Haplogroup A1b1b2 has been found among ancient fossils excavated at Balito Bay in KwaZulu-Natal, South Africa, which have been dated to around 2149-1831 BP (2/2; 100%).[8]

Distribution

By the definition of haplogroup A as "non-BT", it is almost completely restricted to Africa, though a very small handful of bearers have been reported in Europe and Western Asia.

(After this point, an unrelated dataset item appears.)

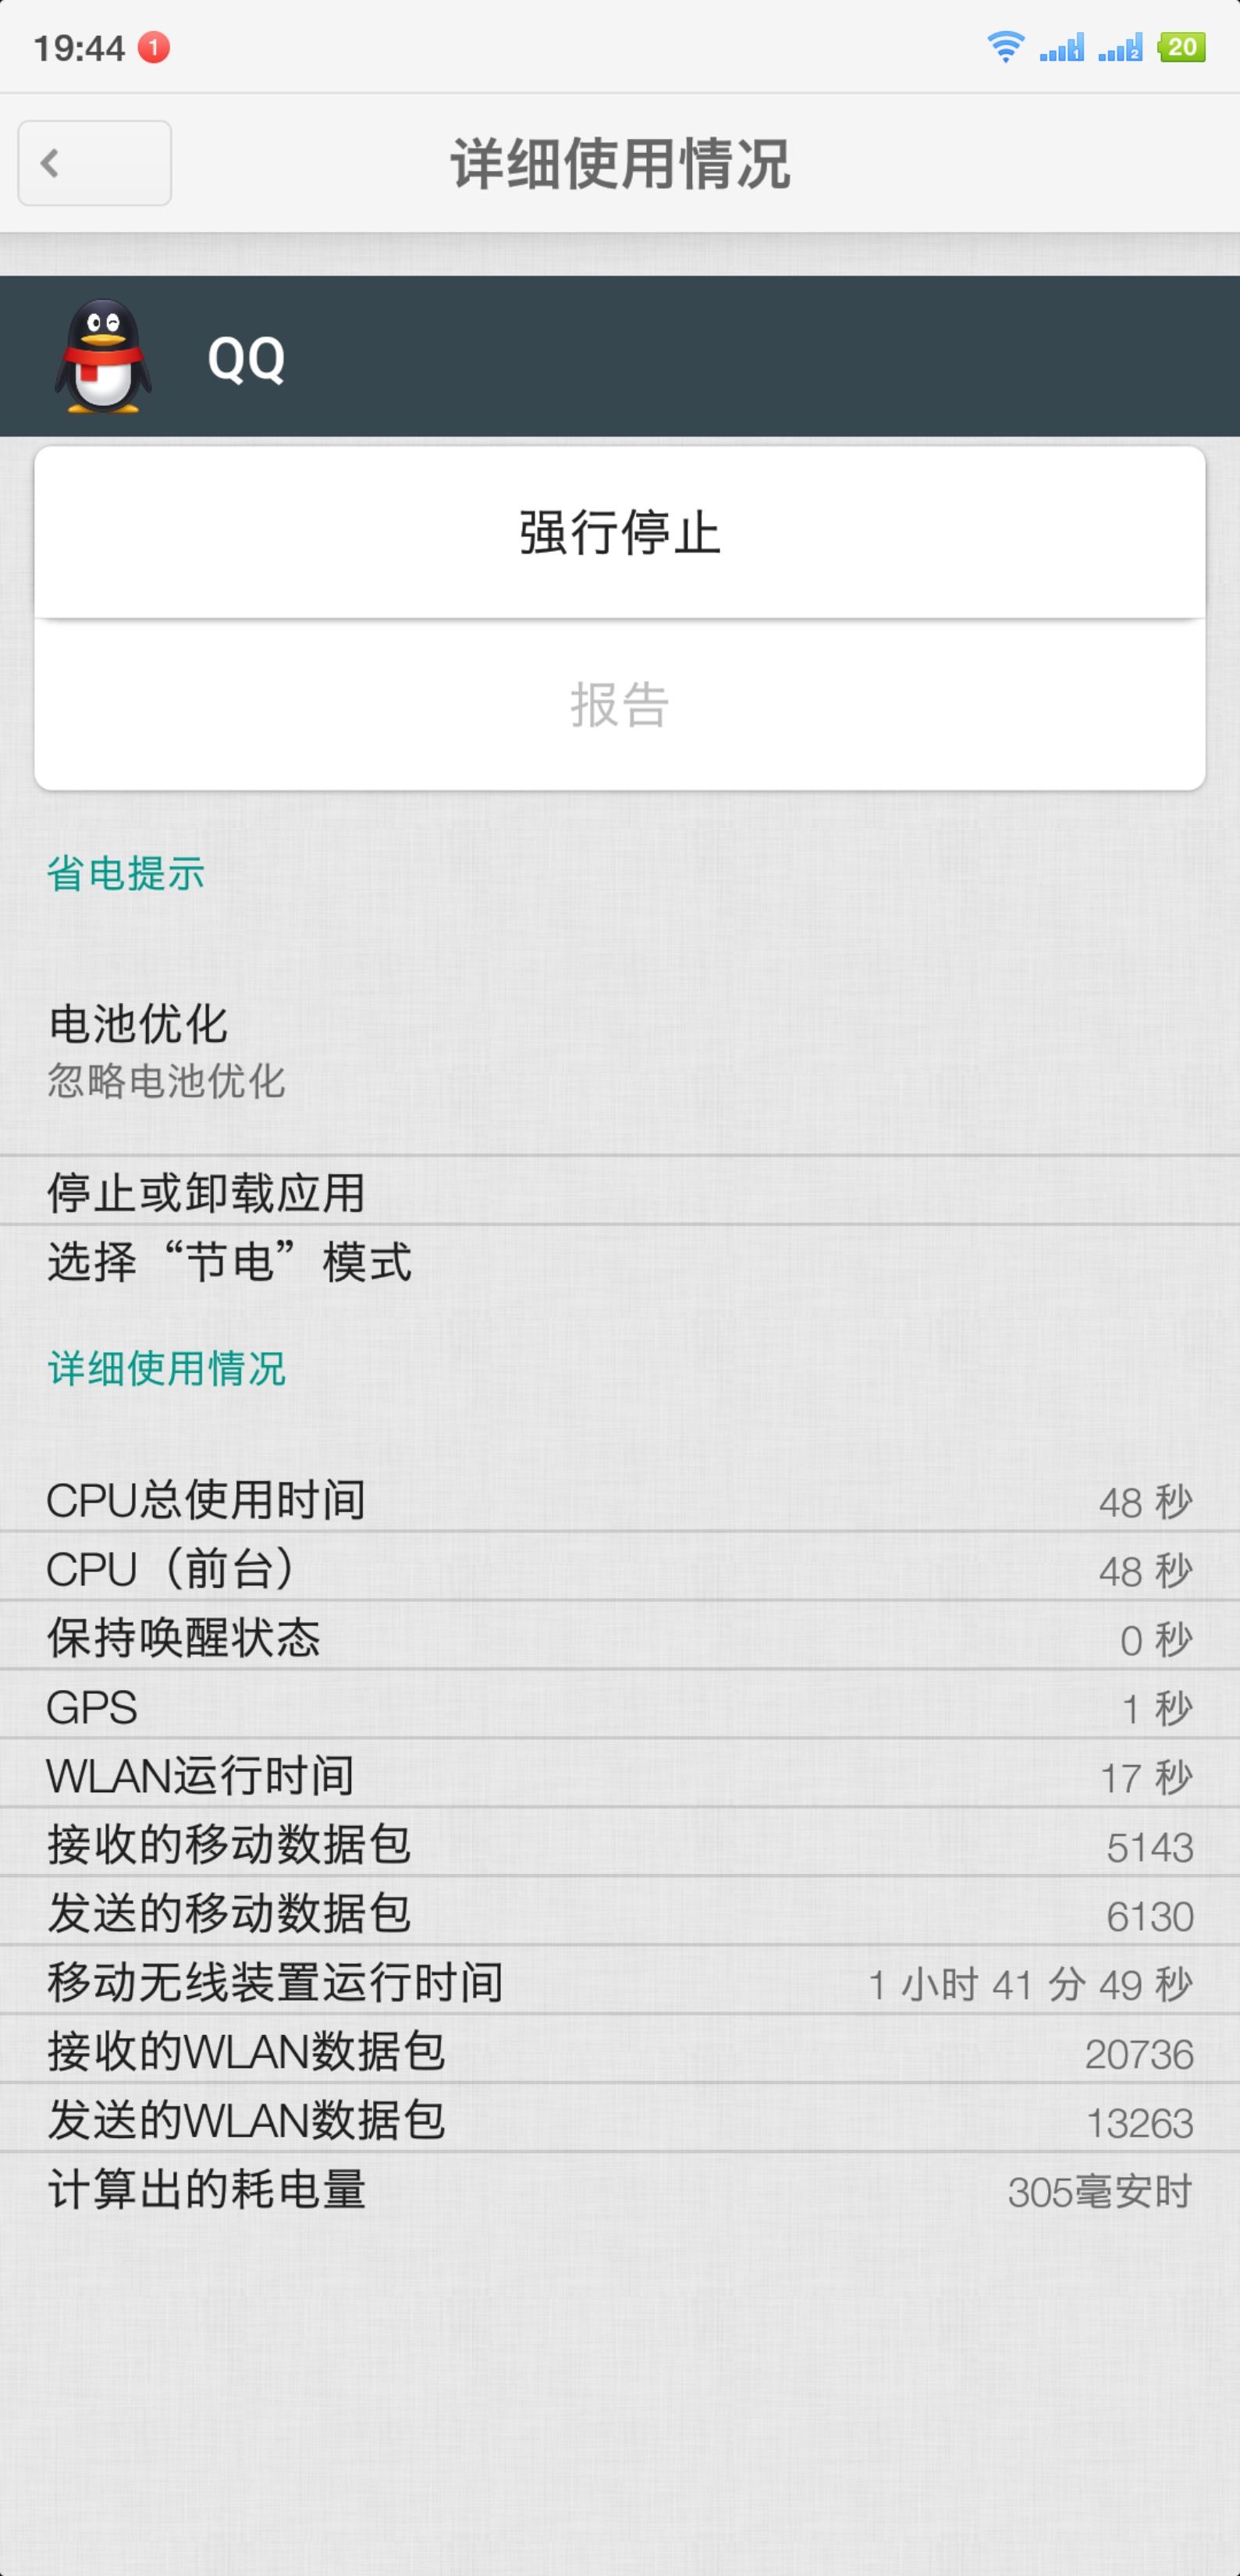 Screenshot_2018-07-12-19-44-46-516_??.png

The clade achieves its highest modern frequencies in the Bushmen hunter-gatherer populations of Southern Africa, followed closely by many Nilotic groups in Eastern Africa. However, haplogroup A's oldest sub-clades are exclusively found in Central-Northwest Africa, where it (and by extension the patrilinear ancestor of modern humans) is believed to have originated. Estimates of its time depth have varied greatly, at either close to 190 kya or close to 140 kya in separate 2013 studies,[6][9] and with the inclusion of the previously unknown "A00" haplogroup to about 270 kya in 2015 studies.[10][11]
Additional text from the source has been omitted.